On the Wednesday morning, Agatha found Harry sitting alone in the lounge. 'Not even a newspaper,' he mourned. 'I've never known it as bad as this. And no central heating. You would think a hotel as expensive as this would have a generator. I'm bored.'
Agatha walked to the window. 'It's stopped snowing,' she said over her shoulder.
'Sky's still dark and more has been forecast,' said Harry, rising and joining her.
'We could build a snowman,' joked Agatha.
'Splendid idea.' To Agatha's surprise, Harry was all enthusiasm. 'Let's put on our coats and build one right outside the dining-room window where they can see it at lunch-time.'
Soon, well wrapped up, they both ventured out. The snow lay in great drifts. 'I'll go first,' said Harry. 'Clear a path.'
He headed to a spot in front of he dining-room window. Agatha, like Wenceslas's page, followed in his footsteps.

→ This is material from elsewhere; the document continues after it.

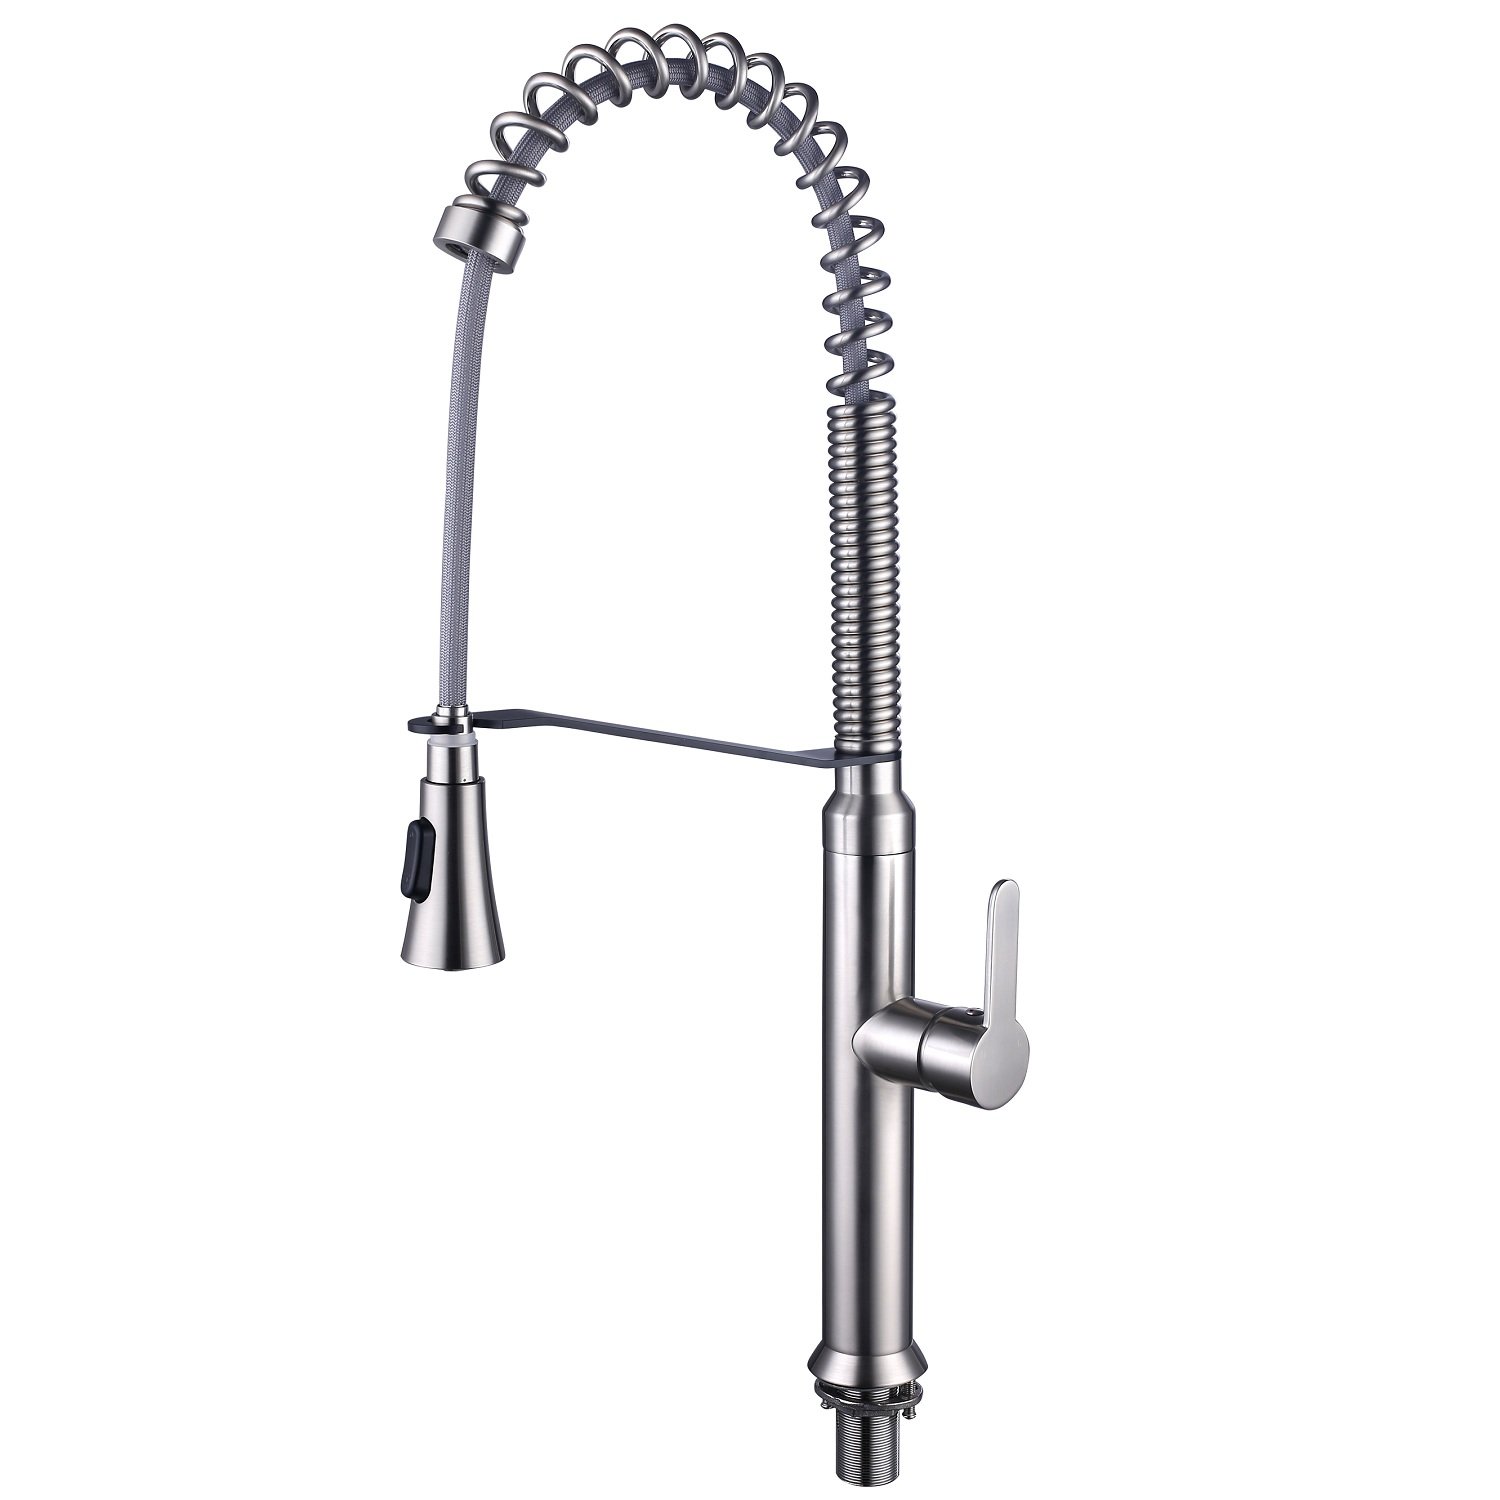 CASAINC Single Handle Kitchen Faucet with Pull Down Sprayer in Brushed Nickel-CASAINC

'I used to be good at this,' said Harry. 'I'll shape the base if you roll a snowball for a torso.'
'Where are the others?' asked Agatha.
'In their rooms, I think.' Harry worked busily.
'You never talk about the murders,' said Agatha.
'No, I don't. Nothing to do with me. Why should I?'
'You knew Francie. Had a seance with her.'
'Oh, that. Maybe that's one reason I don't want to talk about it.'
'Why?'
'Because she tricked me. I missed my wife dreadfully and I must have been crazy to go to her. Mind you, her potions and ointments seemed to work.'
'So what happened?' asked Agatha.
'I really thought it was my wife. That was until the voice that was supposed to be my wife told me that the bit about the eye of the needle in the Bible was true. Said I should give my money to Francie.'
'But if a rich man can't enter the kingdom of heaven, how can a rich woman?' I asked.
'Ah, the voice said Francie would send it on to a good cause. That's when I got suspicious. My wife was very thrifty. 'Must save for our old age,' that's what she always said. I reported Francie to the police. But I'd gone along with it for a little, been conned, and felt like a fool. Don't want to talk about the woman. She's dead anyway.'
Agatha rolled a large snowball, and with surprising strength in one so old, Harry lifted it onto the base he had formed while he was talking. 'Another one for the head,' he ordered.
He began to shape the torso into a woman's bust. Agatha watched, amazed, as a snow-woman began to take shape. 'Could you go to the games cupboard,' asked Harry, 'and get me two marbles for eyes? And some make-up for the face?'
'Right. What about hair?'
'Could you find something? Black hair? And do you have an old dress or coat or something?'
Perfectionist, thought Agatha. What happened to the old-fashioned snowman made of three balls of snow and with a carrot for a nose?
She went up to her room and found an Indian blouse which she had decided she did not much like. What to use for hair? He would need to make do with one of her scarves. She picked out a black one and then found a lipstick and blusher. She then went to the games cupboard in the lounge and took two blood-red marbles out of a jar.
Afterwards, as she surveyed Harry's handiwork, she wished she had taken out two blue or grey marbles, for the red effect was sinister. Harry had created a woman with staring red eyes in a snow face like a death mask. With the black scarf draped round her head and the Indian blouse fluttering in the wind, the snow-woman looked remarkably lifelike and ghoulish.
A gong sounded from the hotel. 'Lunch!' said Harry. 'Let's get to the dining- room before the rest of them. I want to see their reactions.'
They left their coats in the lounge and hurried into the dining-room.
Daisy, Mary, Jennifer and the colonel came in together.
The colonel stopped dead. 'By George,' he said. 'Would you look at that!'
Outside the window the red marble eyes glared in at them from the white face and the black scarf moved in the wind and the blouse fluttered. In that moment, Agatha realized the snow-sculpted features bore a remarkable resemblance to the dead Francie.
'Is it something out of a carnival?' asked Daisy.
But Mary uttered a moan, put a shaking hand to her lips and fainted dead away.
EIGHT
'THE phones are still down,' said the colonel after lunch. Mary was lying down in her room being ministered to by Jennifer.